Les trois grands systèmes de pensée en Chine
 

On ne retrouve en Chine ni cette opposition du divin et de l’humain, de l’homme et de la nature, si caractéristique de notre Occident depuis les Grecs, ni cette vision du monde comme création née du rite et entretenue par lui, et cette indifférence à la temporalité qui sont propres à l’univers mental de l’Inde. Tout au contraire de l’Inde, les Chinois gardent un étonnant sens pratique et jugent de la valeur des religions à leur efficacité.

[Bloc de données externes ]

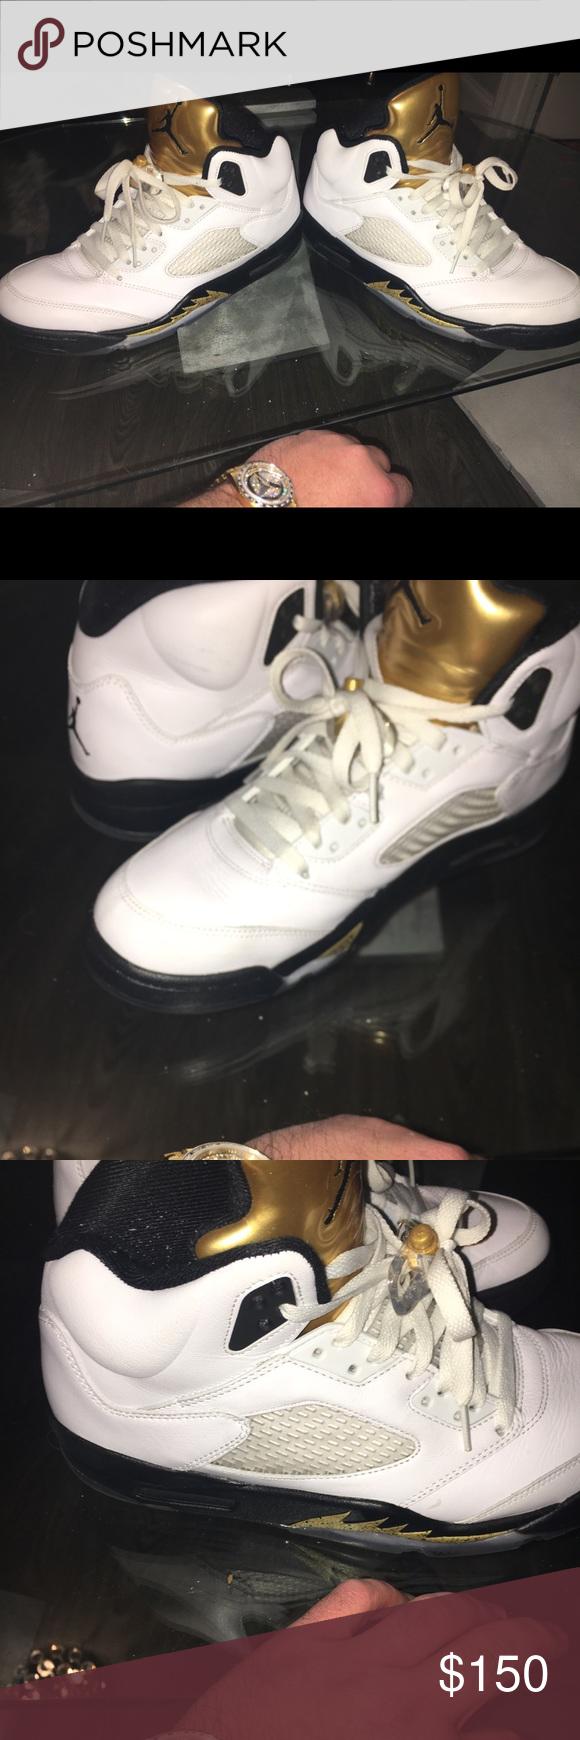 Jordan gold coin Size 10 Jordan gold coin 5s Nike Shoes Sneakers

Jacques Gernet, Le Monde chinois, p. 34

La civilisation chinoise est traversée par trois grands courants spirituels : le confucianisme, le taoïsme et le bouddhisme. D’abord transmises oralement, ces trois doctrines reposent sur tout un ensemble de textes canoniques, connus sous le nom de jing, mot qui désigne les fils de la chaîne sur le métier à tisser : ainsi, le Daodejing, ou Classique de la voie et de la vertu, est le texte fondateur du taoïsme, et le Yijing, ou Livre des Mutations, est l’un des "Classiques" confucéens. Le terme de sûtra, qui désigne les discours de Bouddha, signifie lui aussi en sanscrit les fils du métier à tisser. Ces textes canoniques sont le fondement de la doctrine des trois grandes philosophies. Loin d’être fermées les unes aux autres, ces trois approches se sont naturellement mélangées pour féconder le domaine de la pensée chinoise, tout comme celui de l’écriture.